底面では、最も温度の高いところで45.5度と、低温やけどのリスクがあるとされている45度前後(日本創傷外科学会のHPより)まで上がったが、ごく狭い範囲(背面に近い中央部)にとどまった。衣服の上から本体を載せて使うなら、長時間にわたっても問題ないだろう。

ファンが発する音量も、測定値としては45dBAとなったものの、その時間は短くすぐに40dBA前後に下がっている。音域もあまり高くないので不快な音ではない。静かな図書館やカフェなどでも、電源プランを「パフォーマンスに最適」にした状態で使用できそうだ。

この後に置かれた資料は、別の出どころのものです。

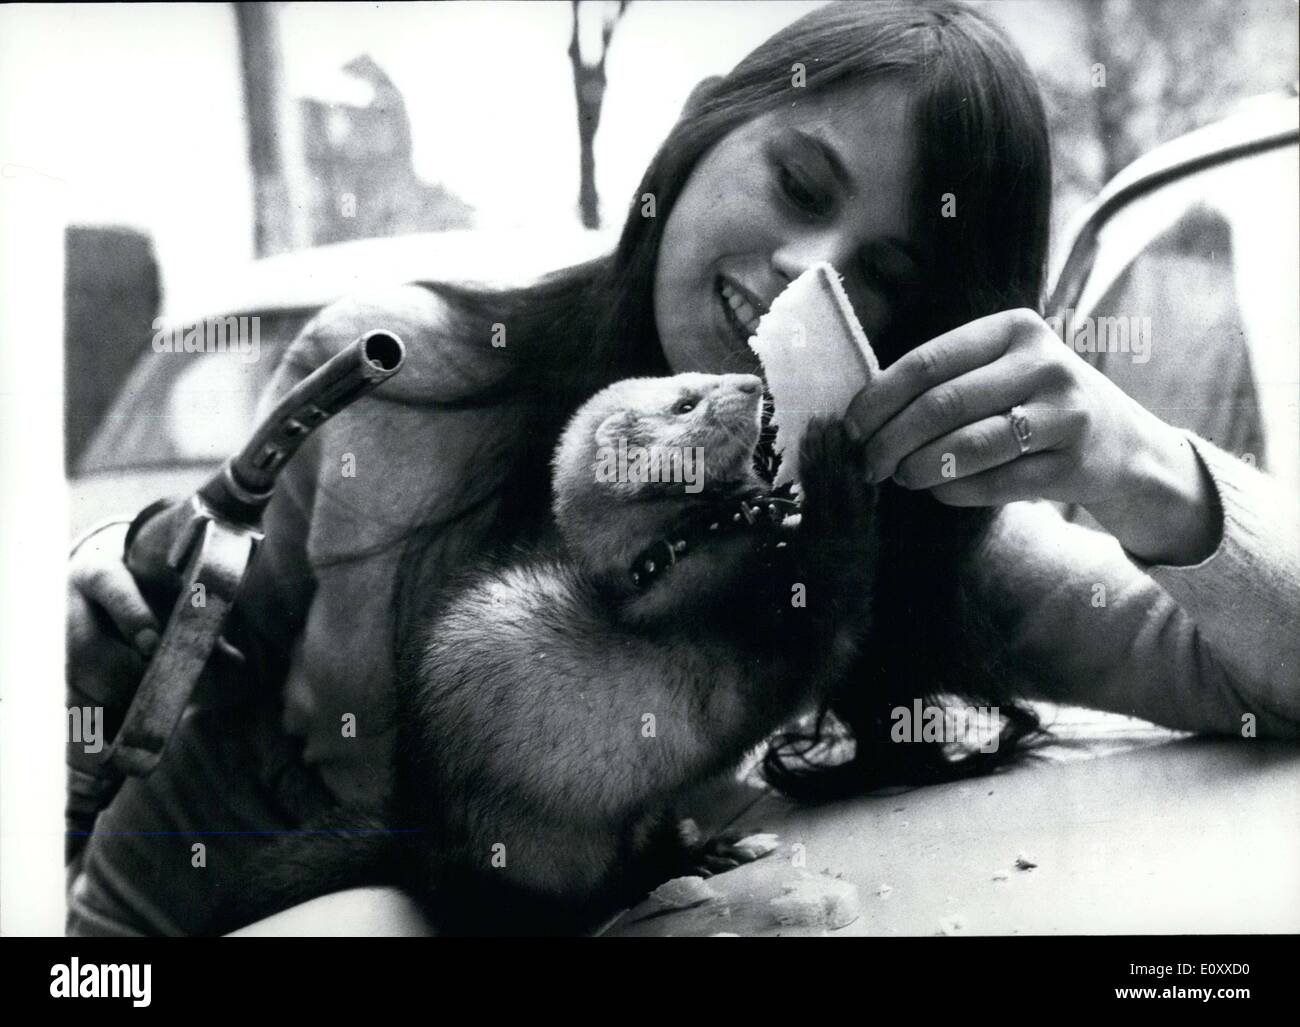 Mar. 04, 1968 - Pictured here is Gabriele and her friend Filius at a gas station in Frankfurt. Filius is a cross between a stoat and a marder. Filius is spoiled rotten as he gets anything he wants. He has an appetite for bread, milk, and dog treats. She doesn't feed him meat. She enjoys taking Filius out for a walk, putting a leash on him like he was a dog. Stock Photo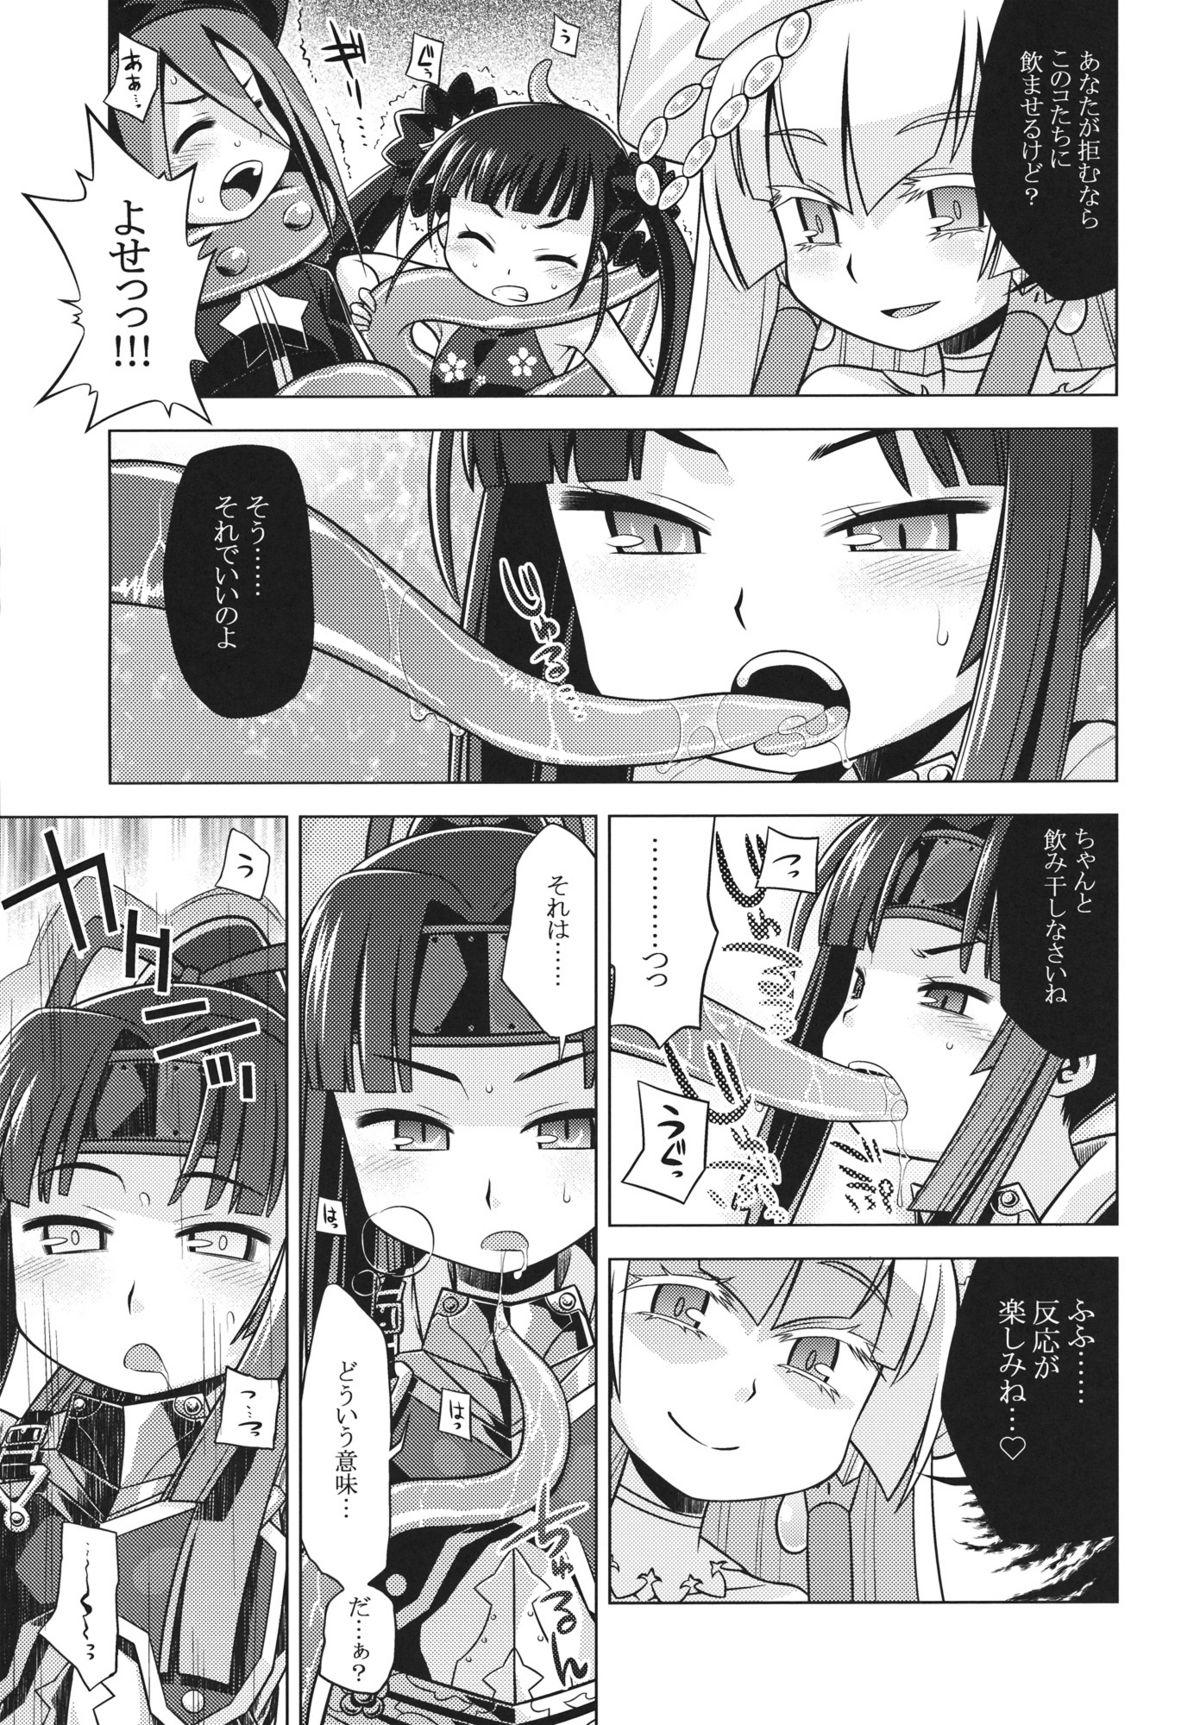 Pica Sekaiju no Anone 20 - Etrian odyssey From - Page 7

ACアダプタは左側面奥の専用端子に接続する。標準付属のACアダプタのサイズは105×44×29ミリ。重さはコード込みで実測289グラム。出力は9Vで3.42Aだ


ノートPCの画面サイズをどう選ぶのか? といったとき、14型ディスプレイのノートPCは、使い勝手を重視したディスプレイサイズとキーボード、多様なインタフェースを搭載しつつ、外に持ち出して使う携帯性も考慮した汎用多目的ノートPCとして選ばれるケースが多い。

その観点で評価すると、LIFEBOOK MHシリーズは14型ディスプレイ搭載モデルとしては平均的な重さながら処理能力は高い。かつ、使いやすさを訴求するキートップ形状と、十分なキーピッチ・ストロークを確保したタイプしやすいキーボードを備えている。

日本のビジネスシーンでは依然として需要が多いUSB Type-Aを潤沢に搭載するMH75/F3(そしてボディ仕様が共通するMH55/F3も)は、家を中心としたハイブリッドワークで使えるノートPCとして、有力な選択肢といえるだろう。